Two Parts to the Inflation Story
Inflation is ticking up a bit and is at the high end of a "comfort zone." The major factor in "headline" inflation was higher energy prices...where's the surprise here?
YOY, core inflation is up merely 2.3%, however, three- and six-month annualized changes in core inflation are over 3%...some acceleration from the last few months.
In my view, the recent inflation experience should be thought of in essentially two parts: 1) A short term adjustment of "pass through" inflation. Energy and commodity prices have risen mostly due to "shocks" mostly politically related. Part 2: Secular inflation. This relates to falling productivity and rising wage pressures. This is the more vicious of the sources of inflation in my opinion and the part that seems to be reasonably well contained.
As to Part I Inflation, my guess is that we are in late innings of a speculative blow-off especially in metals like copper. Energy as well seems to be ignoring the current inventories and has already wiped out, at least mentally, a lot of refining capacity and energy production from hurrican season.
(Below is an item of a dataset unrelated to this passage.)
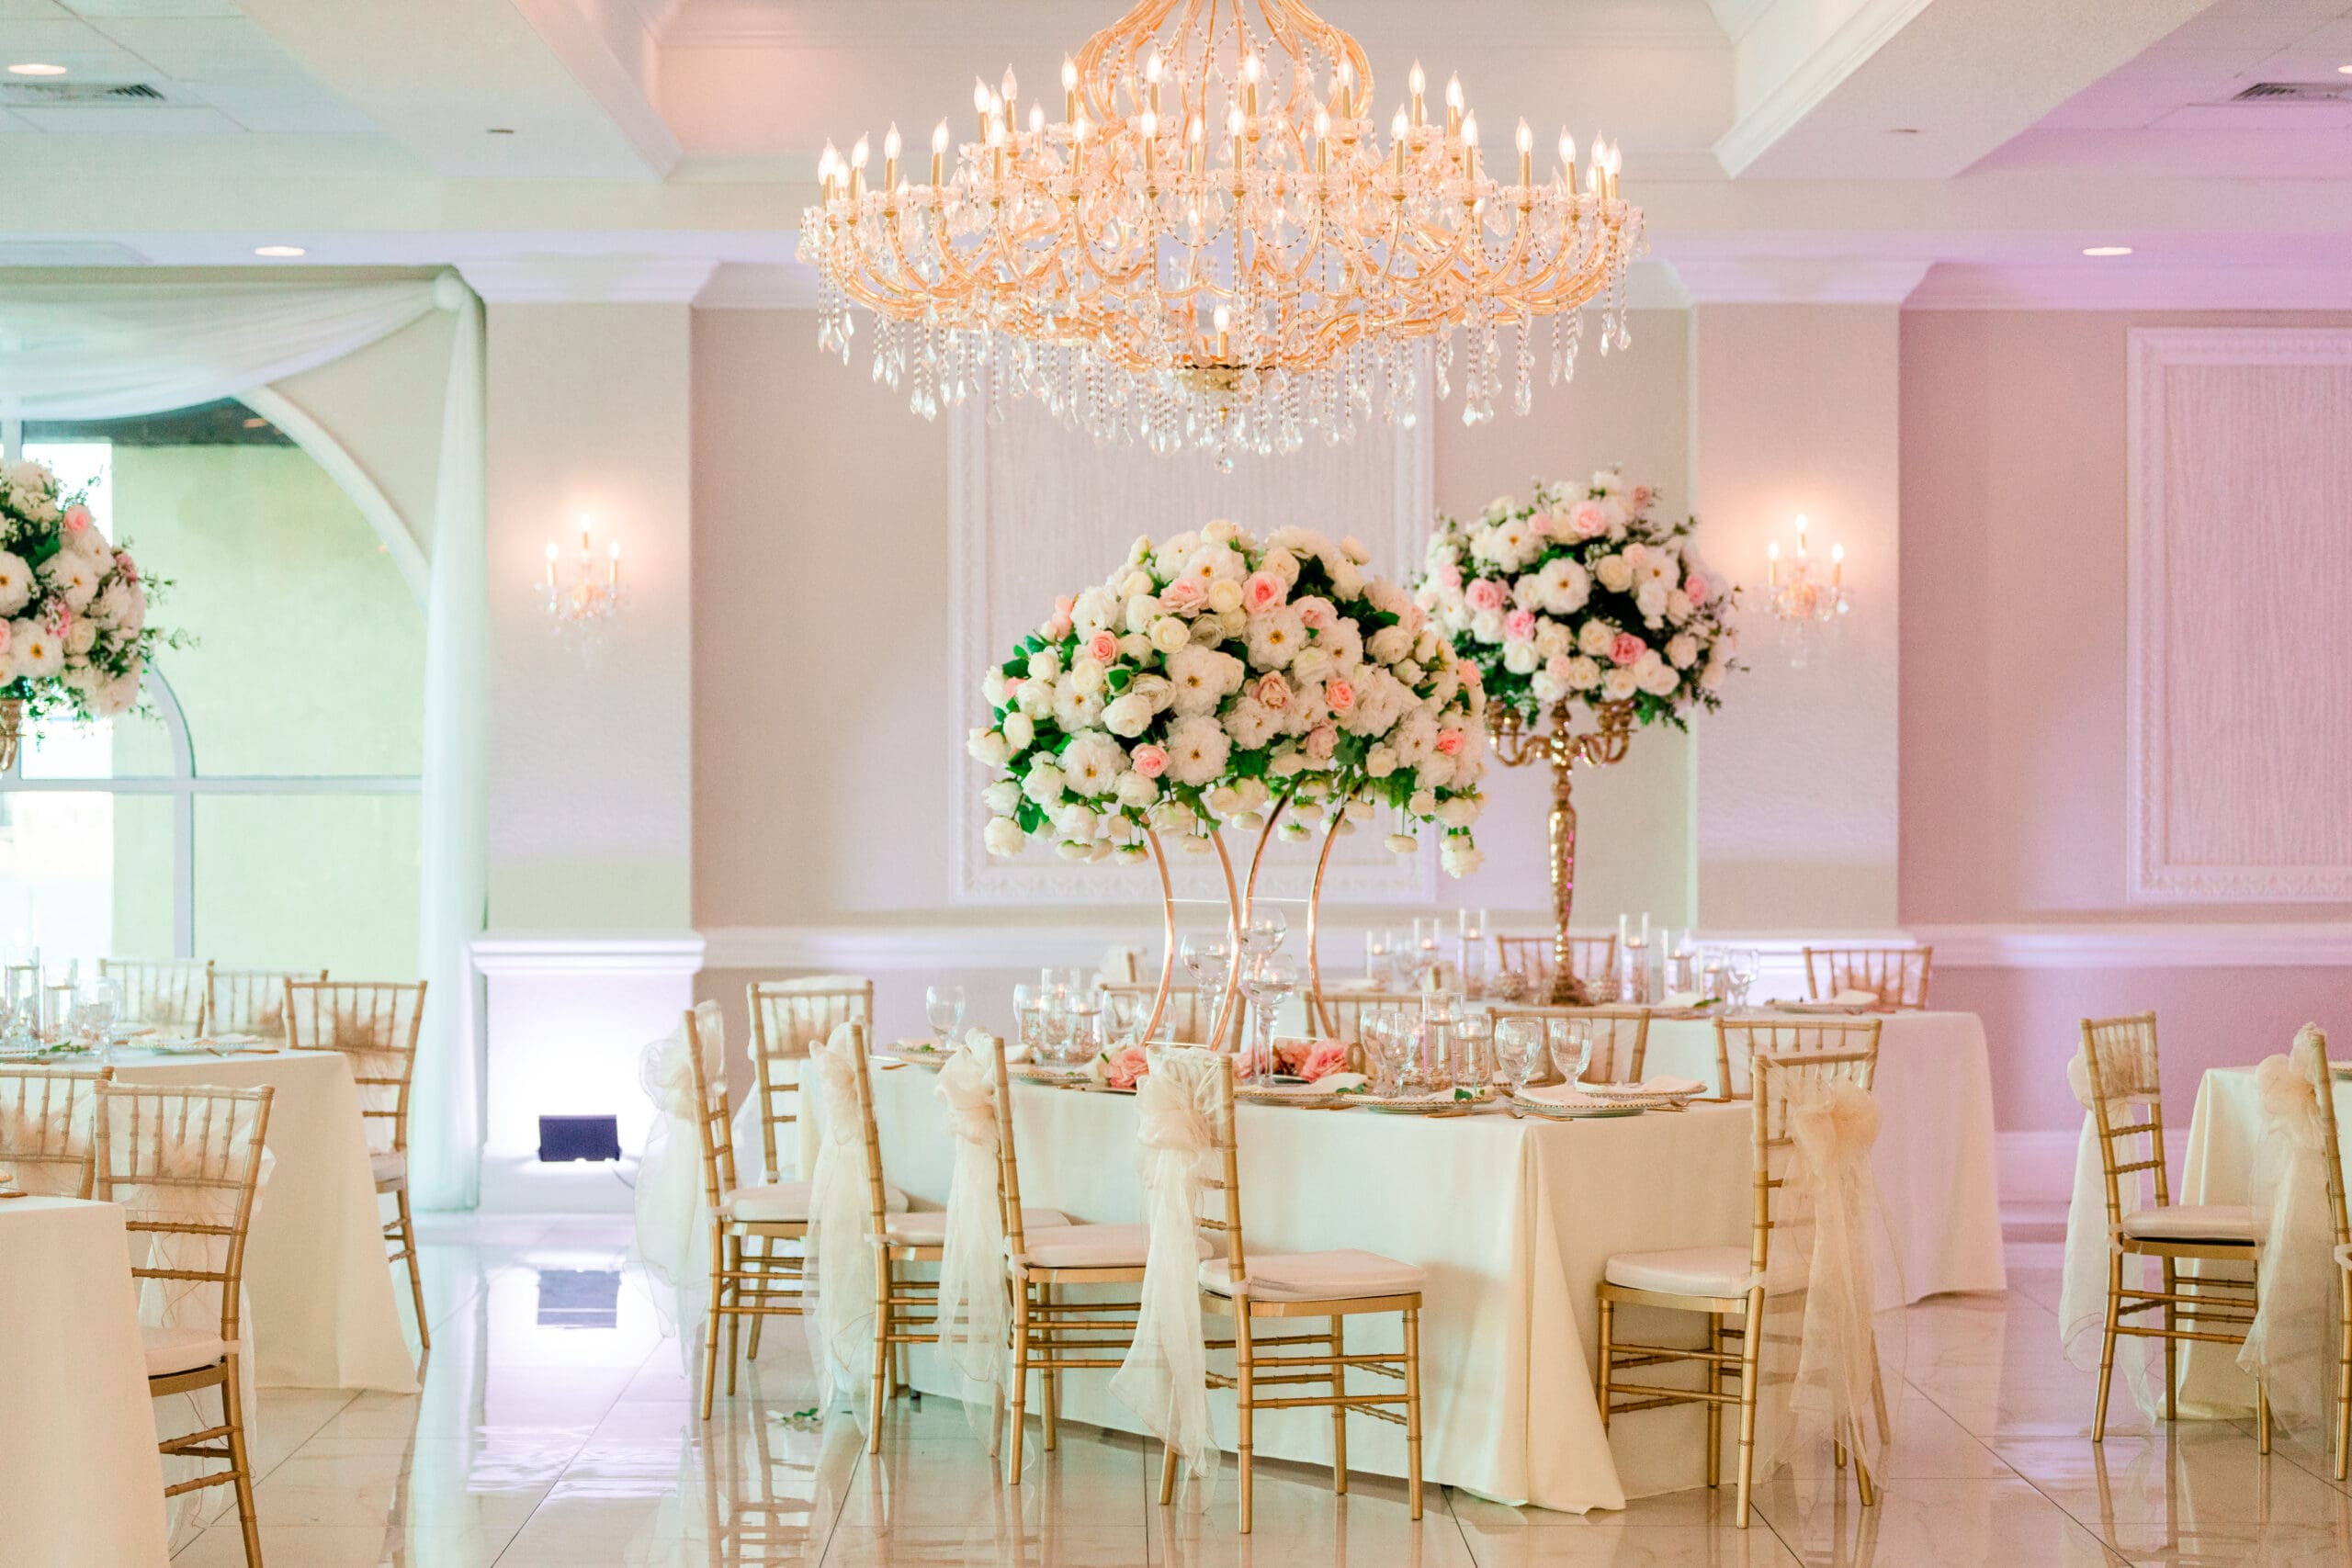 View of guests' tables adorned with large bouquets of white and pink flowers, white tablecloths, and chairs with white bows and veil-like drapes at the Crystal Ballroom.

Who knows what the weather brings, but it seems to me that most of the bullish arguments are specious if not paranoid.
As to Part II Inflation, productivity gains in the first quarter had slowed to the mid 2% range from a long period of mid-3% gains. Nevertheless, productivity gains continue to undermine the prospects for long term inflation pressures. Average hourly wages are starting to show some upward pressure but, in manufacturing, unit labor costs are down about 1.6% YOY. I am more nervous about the dollar's decline and the potential for significant cost pressure from imports. But overall, there seems to be little evidence that we are in for a vicious wage-price spiral, one of the most destructive forces in economics.
Despite the backdrop of panic and fear that I saw today, it is important to remember that in economic terms, the planet is doing very well. For the first time in some years, the world economy is in a synchronous recovery. Global profitability should be in decent shape.
As I have suggested, don't forget about international stocks in your allocations! Some of our international holdings were down for seemingly no reason today and I believe represent excellent value. Allianz (AZ) and Aegon (AEG) have provided decent earnings results recently, are cheaper than their North American analogs and got hit for 5% today.
Disclaimer: I, my family and clients have current positions in Allianz and Aegon.